Max Dupain, ‘Patrick White and Manoly Lascaris’ 1987, gelatin silver photograph on paper. National Portrait Gallery of Australia, Gift of Danina Dupain Anderson 2018. Donated through the Australian Government's Cultural Gifts Program. © Max Dupain/Copyright Agency, 2022.

Formative years

Patrick Victor Martindale White was born to wealthy Australian parents in London in 1912. After returning to Australia, the family lived in the Sydney suburb of Elizabeth Bay. Paddy, as he was known during childhood, had a difficult relationship with his mother and was closer to his nurse, Lizzie Clarke.

From his early years Patrick struggled as an ‘outsider’, initially identifying more as an Englishman than an Australian and aware of his homosexuality at an early age. Writing was always at the core of his being, and he stressed that his work was an unavoidable ‘affliction’. His severe asthma troubled him his entire life and meant he spent much time on his own.

On leaving school he worked as jackaroo, an experience that informed his first novel, Happy Valley, which was published in 1939. After studying modern languages at Cambridge, he moved to London to write and moved in artistic circles.

Pivotal relationships

Patrick spent time in New York where his work gained more success and he met his publisher, Ben Huebsch who recognised his talent and played a vital role in the acceptance of his work.

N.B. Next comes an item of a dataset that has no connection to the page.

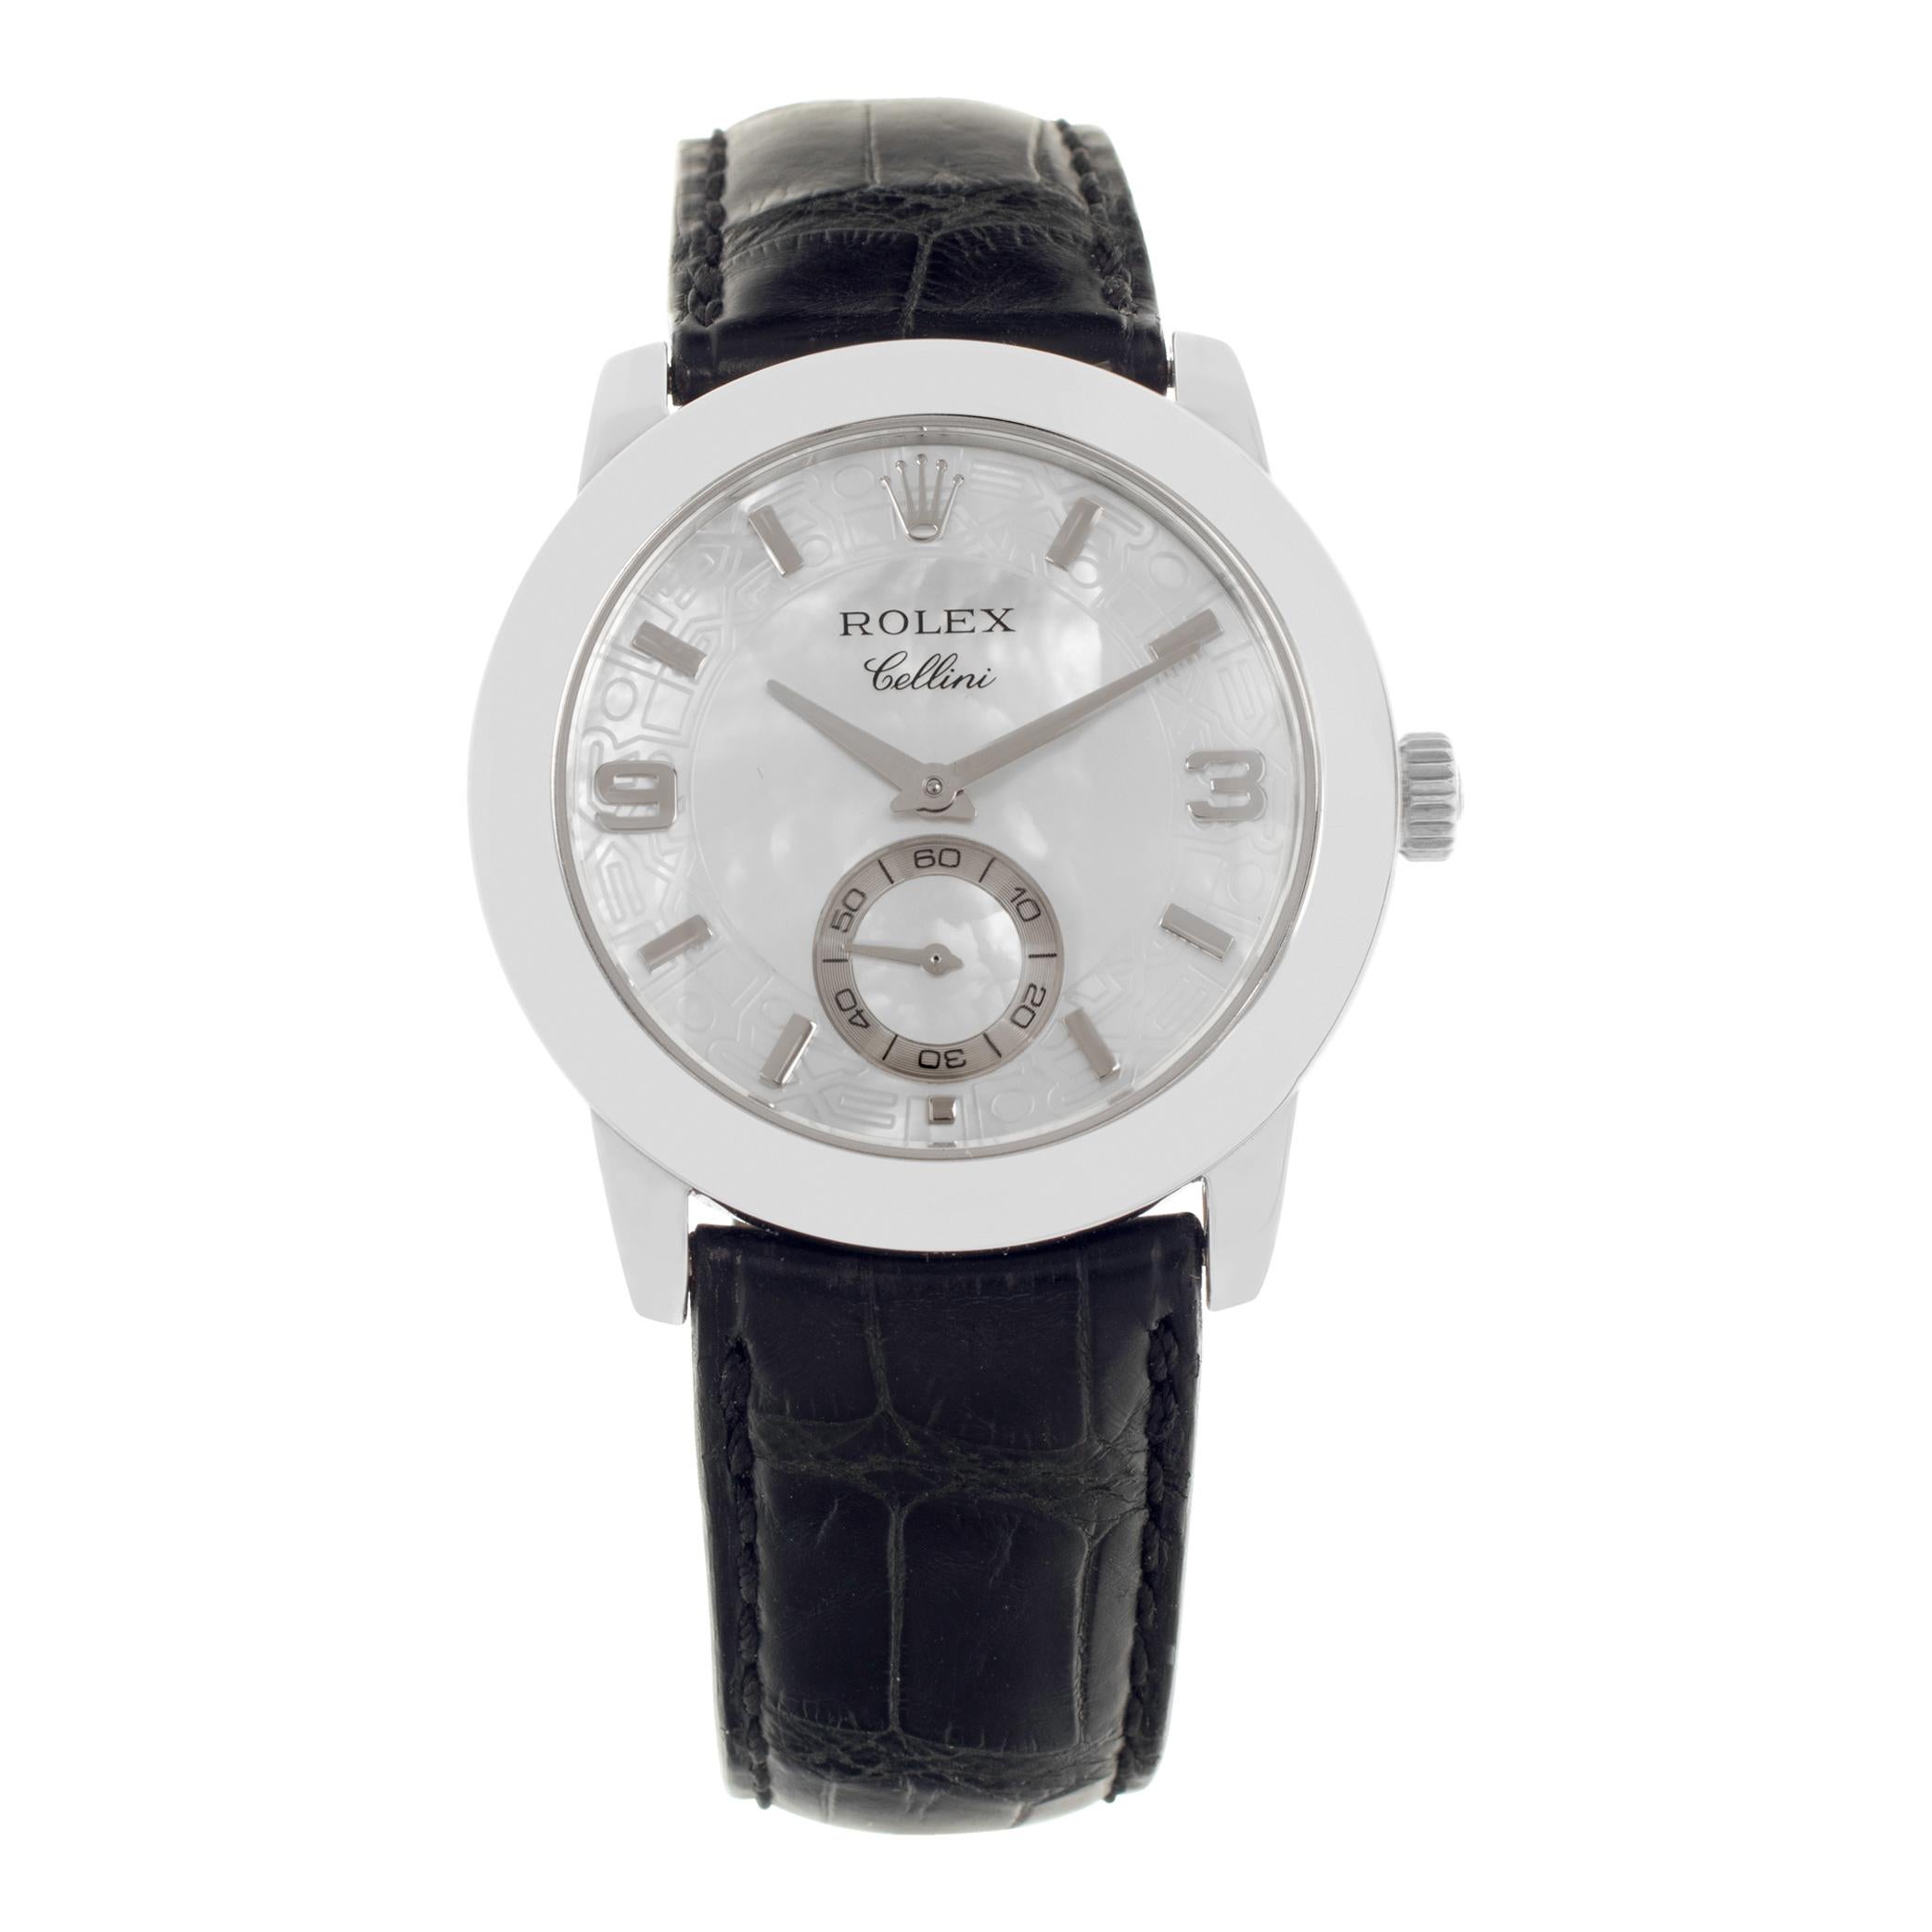 Rolex Cellini platinum Manual Wristwatch Ref 5240 For Sale

Patrick served as a Royal Air Force operational intelligence officer during the Second World War. This profoundly changed his outlook and saw him yearning to return to Australia. During his service he met Manoly Lascaris, a Greek army officer, who became his life partner. They decided to make their life together in Australia.

In 1948, Patrick bought a small farm in Castle Hill where he and Manoly planted four dogwood trees, giving the property its name. They laboured planting crops and fruit trees and bred champion Schnauzers. The farm was not a commercial success, but the experience provided Patrick with rich source material which he drew on in his 1955 novel The Tree of Man.

Recognition

Patrick’s novel Voss became the inaugural winner of the Miles Franklin literary award in 1957 and gave him the means to travel abroad. He reconciled with his mother, who had always promoted his work.

Returning to Castle Hill he wrote his second Miles Franklin winner Riders in the Chariot (1961) which addressed issues of alienation and difference. When his mother died in 1963, Patrick received a substantial legacy which enabled him to move to Martin Road, Centennial Park.

In 1973, Patrick became the first – and is still the only – Australian to be awarded the Nobel Prize for Literature. The citation applauded his ‘epic and psychological narrative art which has introduced a new continent into literature’. The same year he was named Australian of the Year.

Activism and philanthropy

Patrick protested the Vietnam War, literary censorship and nuclear arms. He advocated for Aboriginal rights and gave to numerous charities. He was opposed to the British honours system, declining a knighthood in 1970, and also to the celebration of the bicentenary of British settlement in Australia. In 1975, he resigned his Order of Australia to protest the dismissal of the Whitlam government.

Patrick died at home in Centennial Park in 1990. He had written 12 novels, 3 short story collections, 8 plays and numerous poems.

Patrick’s legacy as one of Australia’s great writers lives on in the Patrick White Award which he established with the money from his Nobel Prize. The Award is given to authors who have made a significant but inadequately recognised contribution to Australian literature.